───── INPUT MATERIAL ─────
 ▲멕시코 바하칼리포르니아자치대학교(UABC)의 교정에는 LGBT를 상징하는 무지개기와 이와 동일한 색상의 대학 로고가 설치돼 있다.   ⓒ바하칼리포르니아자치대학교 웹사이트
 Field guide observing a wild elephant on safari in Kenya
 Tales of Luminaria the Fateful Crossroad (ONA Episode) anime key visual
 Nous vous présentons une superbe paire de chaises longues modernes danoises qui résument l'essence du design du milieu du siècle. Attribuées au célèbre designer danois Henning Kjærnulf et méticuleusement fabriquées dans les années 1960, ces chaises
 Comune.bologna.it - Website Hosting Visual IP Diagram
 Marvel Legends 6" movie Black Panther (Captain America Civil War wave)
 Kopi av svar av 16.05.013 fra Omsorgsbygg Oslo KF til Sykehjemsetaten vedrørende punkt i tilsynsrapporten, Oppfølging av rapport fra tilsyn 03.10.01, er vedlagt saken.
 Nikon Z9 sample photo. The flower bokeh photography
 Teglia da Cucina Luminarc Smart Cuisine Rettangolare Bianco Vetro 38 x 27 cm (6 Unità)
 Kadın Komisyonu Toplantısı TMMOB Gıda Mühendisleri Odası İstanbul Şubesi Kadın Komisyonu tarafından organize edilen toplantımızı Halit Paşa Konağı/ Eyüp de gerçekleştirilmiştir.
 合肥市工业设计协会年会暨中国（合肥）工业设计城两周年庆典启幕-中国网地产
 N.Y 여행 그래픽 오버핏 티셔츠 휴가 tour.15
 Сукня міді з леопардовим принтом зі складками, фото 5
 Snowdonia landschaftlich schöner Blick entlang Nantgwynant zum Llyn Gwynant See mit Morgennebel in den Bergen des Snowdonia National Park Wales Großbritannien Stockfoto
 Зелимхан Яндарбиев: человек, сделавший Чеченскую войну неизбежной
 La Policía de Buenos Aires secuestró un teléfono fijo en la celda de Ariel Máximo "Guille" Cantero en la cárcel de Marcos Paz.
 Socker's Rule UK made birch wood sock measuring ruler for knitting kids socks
─────
WORK ORDER =
Copy out only the lines running from the beginning of the data to the line with "Civil War wave)", both ends included.

TASK RESULT =
 ▲멕시코 바하칼리포르니아자치대학교(UABC)의 교정에는 LGBT를 상징하는 무지개기와 이와 동일한 색상의 대학 로고가 설치돼 있다.   ⓒ바하칼리포르니아자치대학교 웹사이트
 Field guide observing a wild elephant on safari in Kenya
 Tales of Luminaria the Fateful Crossroad (ONA Episode) anime key visual
 Nous vous présentons une superbe paire de chaises longues modernes danoises qui résument l'essence du design du milieu du siècle. Attribuées au célèbre designer danois Henning Kjærnulf et méticuleusement fabriquées dans les années 1960, ces chaises
 Comune.bologna.it - Website Hosting Visual IP Diagram
 Marvel Legends 6" movie Black Panther (Captain America Civil War wave)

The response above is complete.